Reynolds number helps determine if the phase flow is smooth (laminar) or chaotic (turbulent), affecting the heat transfer calculations.

Martinelli Parameter

The Martinelli parameter is a dimensionless number used in two-phase flow to relate the pressure drops of the liquid and gas phases. In our context, we use the modified Martinelli parameter \(X_m\) to account for the effect of void fraction in microgravity.
The calculation is done using:
\[X_m = \frac{\rho_{l} \alpha^{1.5}(V_{sl} V_{sg})^{0.5}}{\rho_{g}(1-\alpha)^{1.5}(V_{sl} + V_{sg})^{0.5}}\]
Where:

• \(\alpha\) is the void fraction—representing the volume of the gas phase within the mixture
• \(V_{sl}\) and \(V_{sg}\) are the superficial velocities for the liquid and gas phases

The Martinelli parameter helps measure the ratio of influence between the two phases when calculating the two-phase heat transfer coefficient.

Nusselt Number

The Nusselt number is a dimensionless number representing the efficiency of convective heat transfer relative to conductive heat transfer.
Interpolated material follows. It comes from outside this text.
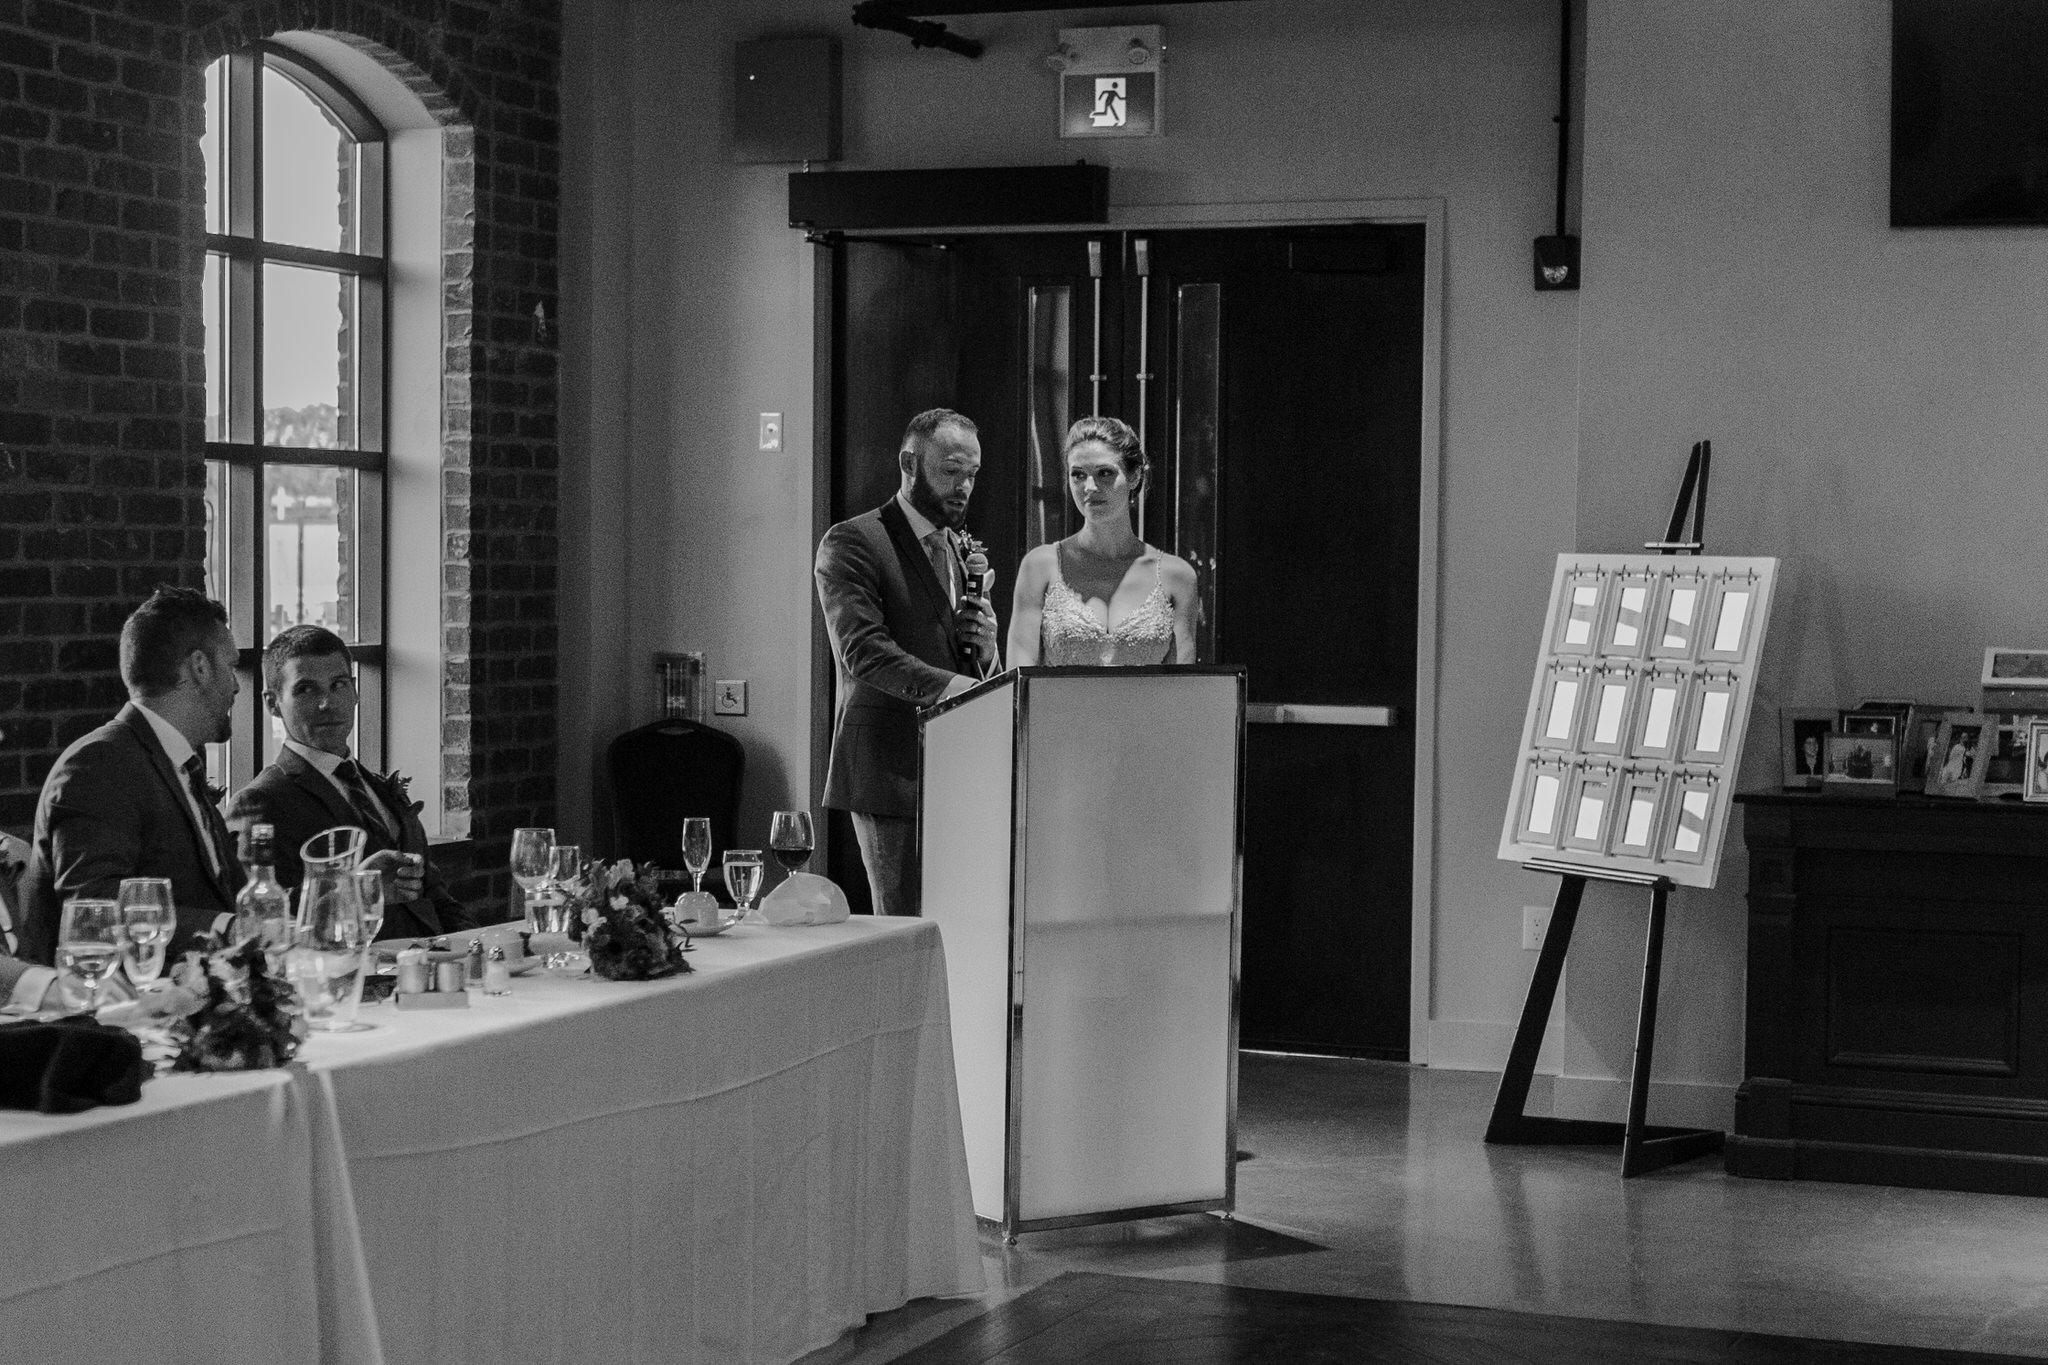 Brock Street Brewery Wedding - bride and groom speech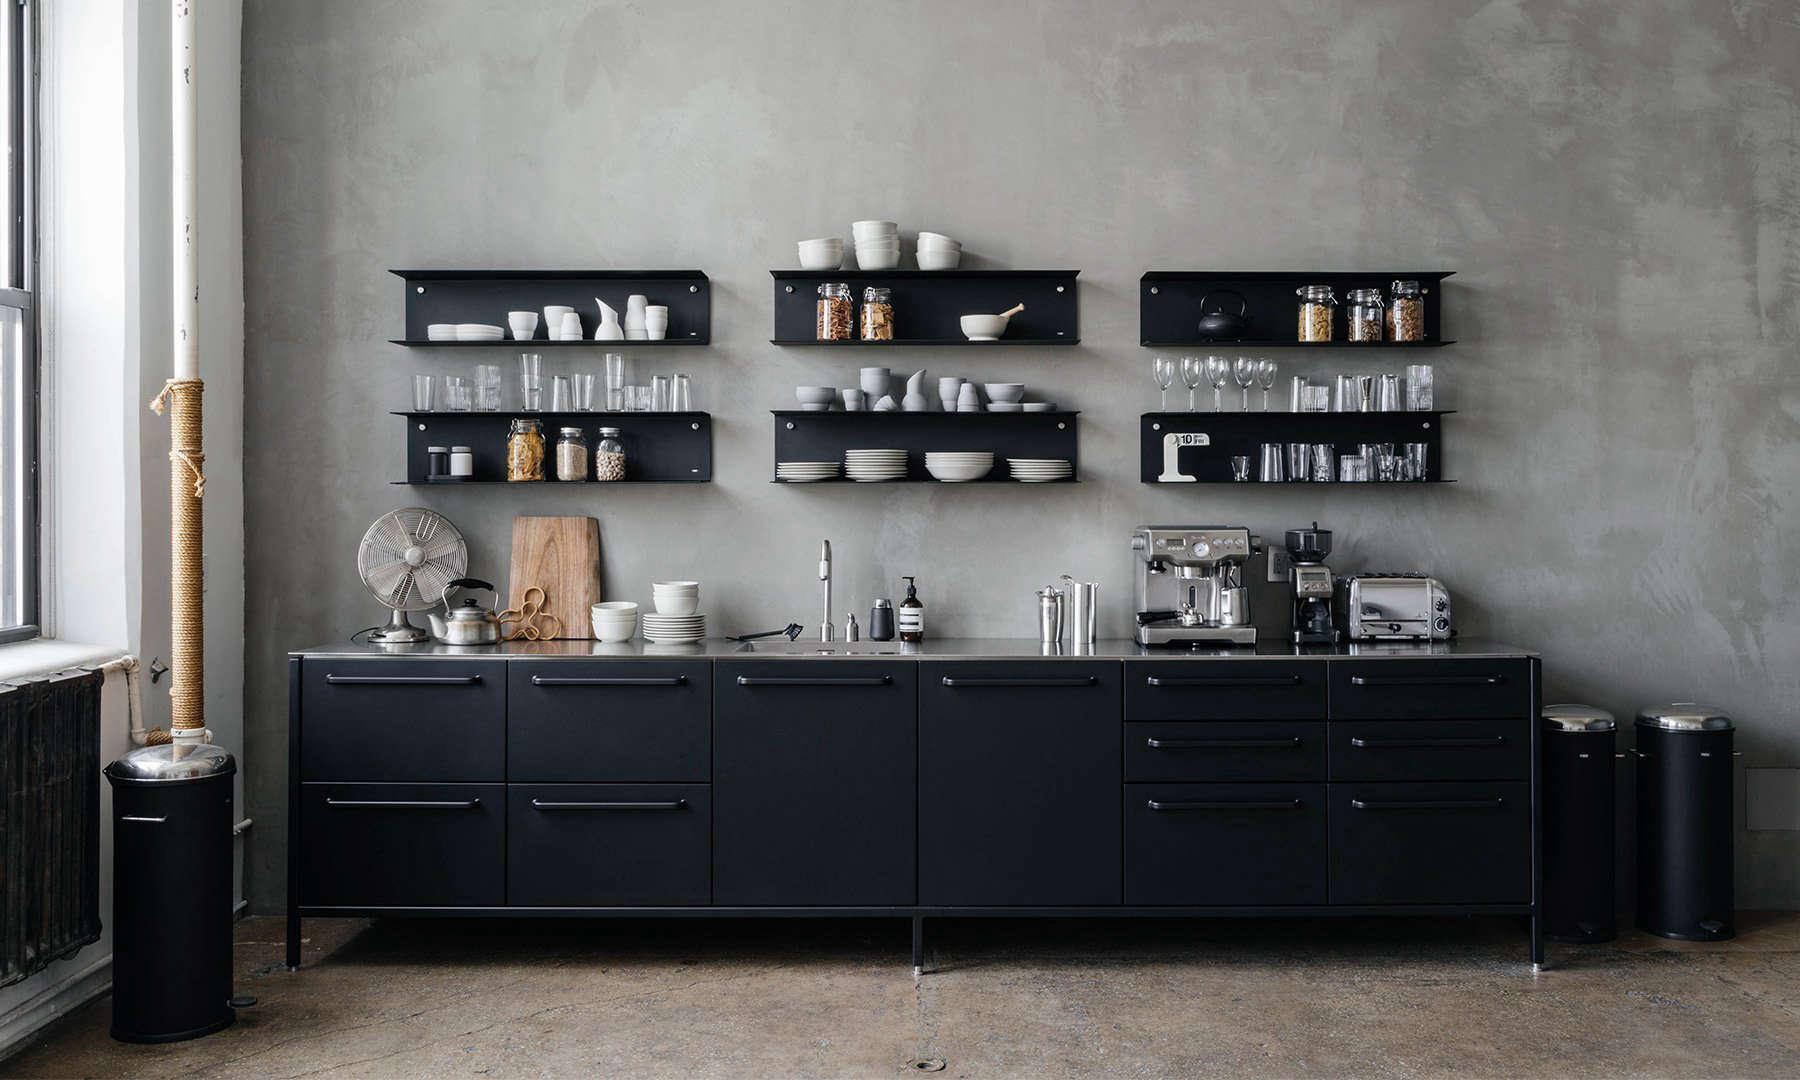 Trend Alert 8 Companies Designing Modular Kitchen Components Remodelista

It is an essential part of calculating the single-phase heat transfer coefficient in fluids.
In the formula:

• \(Nu_l = \frac{h_l D}{k_l} = q Re_l Pr_l^{0.8}\)

Here:

• \(h_l\) is the heat transfer coefficient of the liquid
• \(D\) is the tube diameter
• \(k_l\) is the thermal conductivity
• \(Pr_l\) represents the Prandtl number of the liquid
• \(q\) adjusts for the viscosity change with temperature, calculated as \(q = \left(\frac{\mu_{l}}{\mu_{0}}\right)^{0.8}\)\

The Nusselt number helps bridge the gap between physical properties and the geometry of the system to calculate heat transfer in a fluid system.